IgnoreMeEveryOtherReindeerDoes · 19/08/2017 11:11

@rhodanunn Tell you what I will ask the father of my DS who is black opinion and let you know how he feels about them or will his not count because he too is from era associated with jam

MrsDustyBusty · 19/08/2017 11:11

Would the people who are defending this innocent childhood toy still be defending it's if it was called a ngr doll ? Or something equally vile and racist.

The sad thing is that yes, they probably would.

rhodanunn · 19/08/2017 11:16

gotspoiler, that is moral relativist bullshit. Can you let me know what your benchmark is so I know what else cannot be commented or criticised. Racism obviously is too facetious an issue for you, after all is just a curly headed smiley doll that just so happened to appear into society devoid of any reference, of any attitude and of any other concept than "make a doll, make it dark coloured and put it in stripey trousers". I suppose I know plenty of black people without curly hair that can be quite frowny actually that have never been called a gollywog and are doing alright for themselves.

Feel free to start a thread about the extent of how certain cultural characters may romanticise and wash over issues you are perhaps concerned about.

gotspoiler · 19/08/2017 11:16

I bet those that are offended by golliwogs would quite happily get their children watching a Disney film and conveniently forget Disney's racism in the past

BertrandRussell · 19/08/2017 11:18

Nothing like a gollywog thread to bring out all the black mumsnetters, white mumsnetters with black partners, white mumsnetters with hundreds of black friends, mumsnetters who live in Africa, mumsnetters with sisters with black lesbian partners.........

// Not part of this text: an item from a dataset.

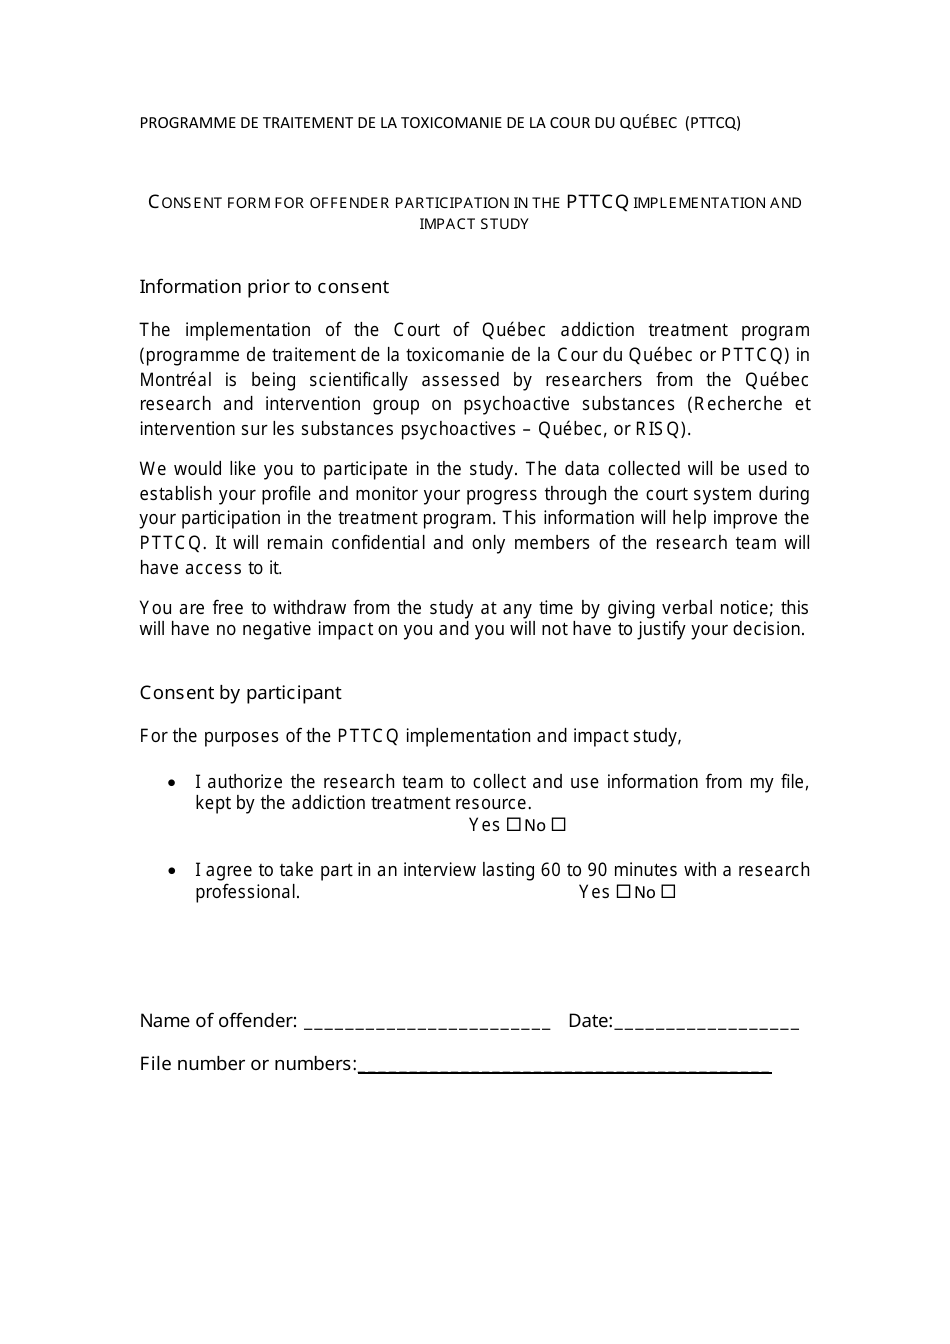 Consent Form for Offender Participation in the Pttcq Implementation and Impact Study - Quebec, Canada, Page 1

Oh, and mumsnetters who have appantly lived under stones since 1960.

FreyaJade · 19/08/2017 11:23

My sister was called a 'wog' many times at school by shitty teens who likened her hair to a 'golliwogs'.
She was also called other racist names and it has hurt her deeply.

Gollys may originally have been considered to be harmless but they are not in these days & if I was OPs partner and didn't feel I could get rid of it then it would be hidden in a drawer.